Adenoviral genes |
Function |
Early genes: E1A, E1B, E2, E3, E4 |
Transcription, replication, host immune suppression, inhibition of host cell apoptosis. |
Delayed early genes: pIX, IVa2 |
Packaging |
Major late gene (L) |
Assembly |
Table 5-1.4.1: Different types of adenoviral genes and their function.
Construction of Adenoviral vectors
First generation adenoviral vectors were replication deficient , lacking the essential E1A and E1B genes and often the non-essential gene E3 and were called ‘E1 replacement vectors'. They had a maximum capacity of about 7 kb and were propagated in the cell lines transfected with DNA containing E1 genes e.g. human embryonic kidney line 293 (HEK 293).
Drawback
- These vectors caused cytotoxic effect due to low-level expression of the viral gene products, and chances of recombination between the vector and the integrated portion of the genome, resulting in the recovery of replication-competent viruses.
Higher-capacity vectors lacking the E2 or E4 regions in addition to E1 and E3 provide a maximum cloning capacity of about 10 kb but still allow low level of transgene expression. These must be propagated on complementary cell lines providing multiple functions. The use of E1/E4 deletions is a sound strategy as the E4 gene is responsible for many of the immunological effects of the virus.
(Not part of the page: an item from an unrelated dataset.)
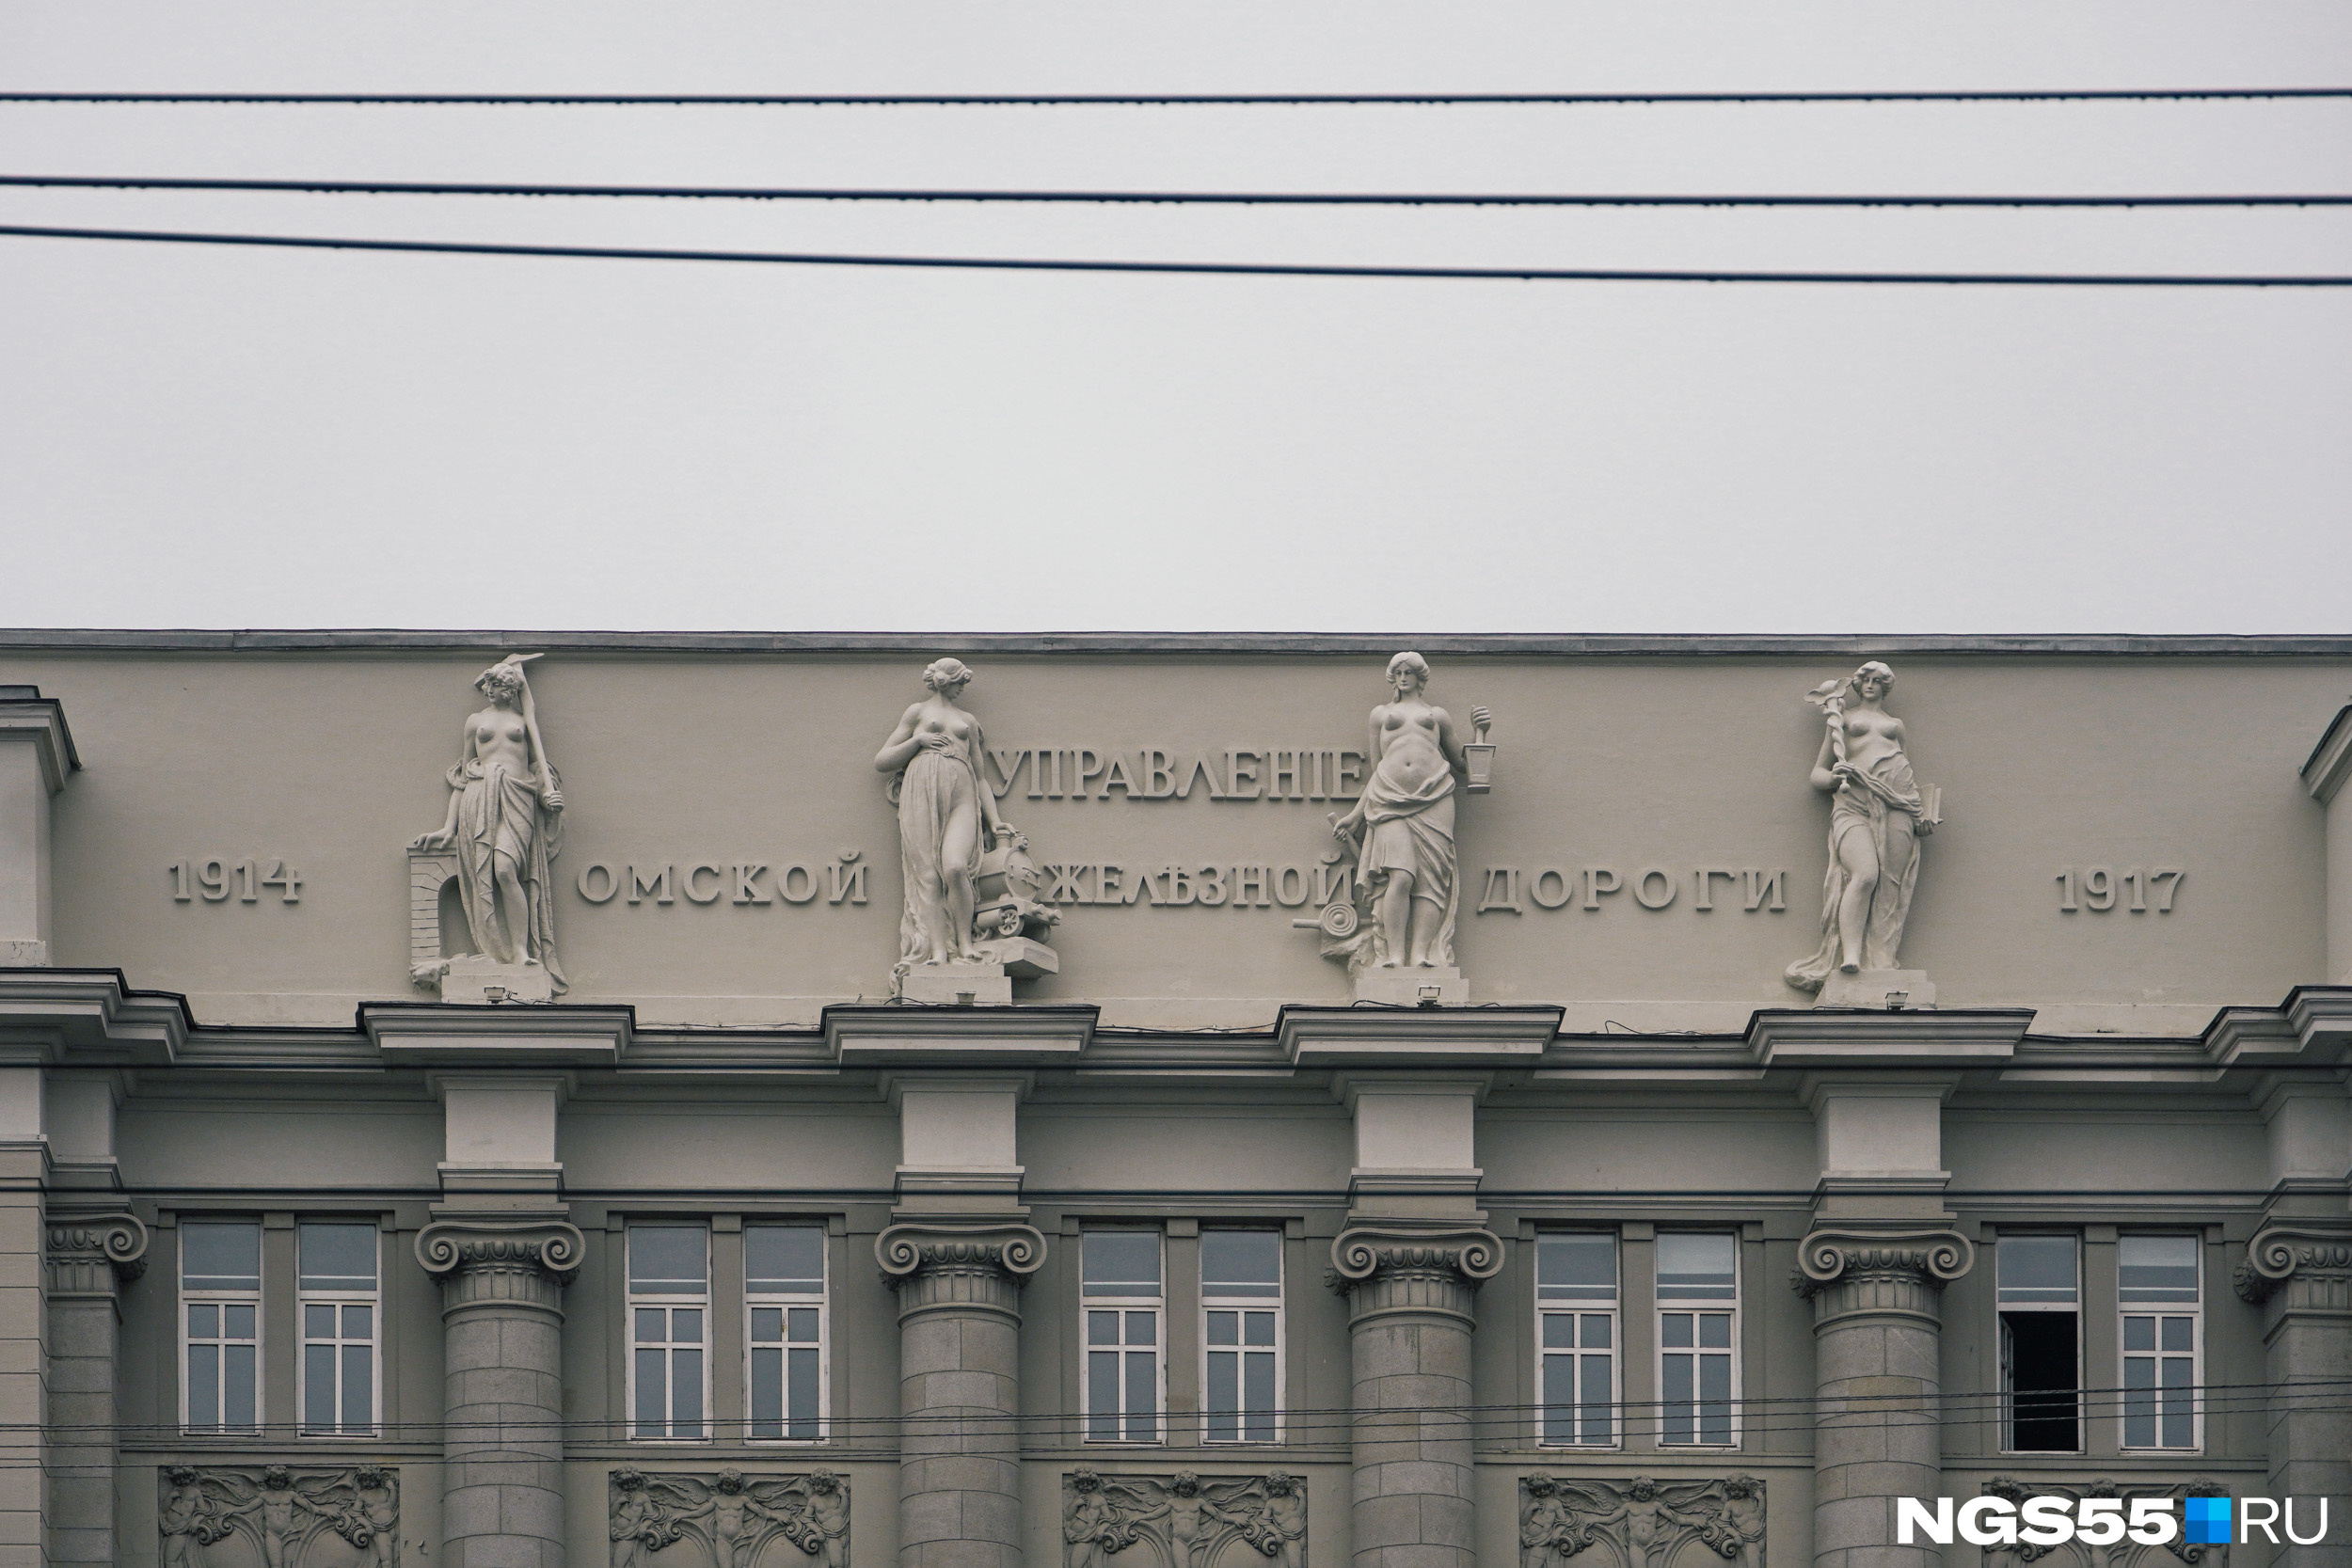 Фасад главного корпуса украшают скульптуры богинь. Почитайте, <a href="https://ngs55.ru/text/culture/2022/05/13/71320706/" class="_" target="_blank">как они там оказались</a>

To overcome the above limitations, an alternative strategy employs insertion of ‘stuffer DNA' into the nonessential E3 gene as part of the vector backbone so to maintain optimum vector size. Helper dependent adenoviral vectors (HDAd) are favoured for in vivo gene transfer due to deletion of all viral coding sequences.
Advantages of HDAd
- Large cloning capacity (up to 37 kb)
- High transduction efficiency
- Long term transgene expression
- Lack of immune response and cytotoxicity.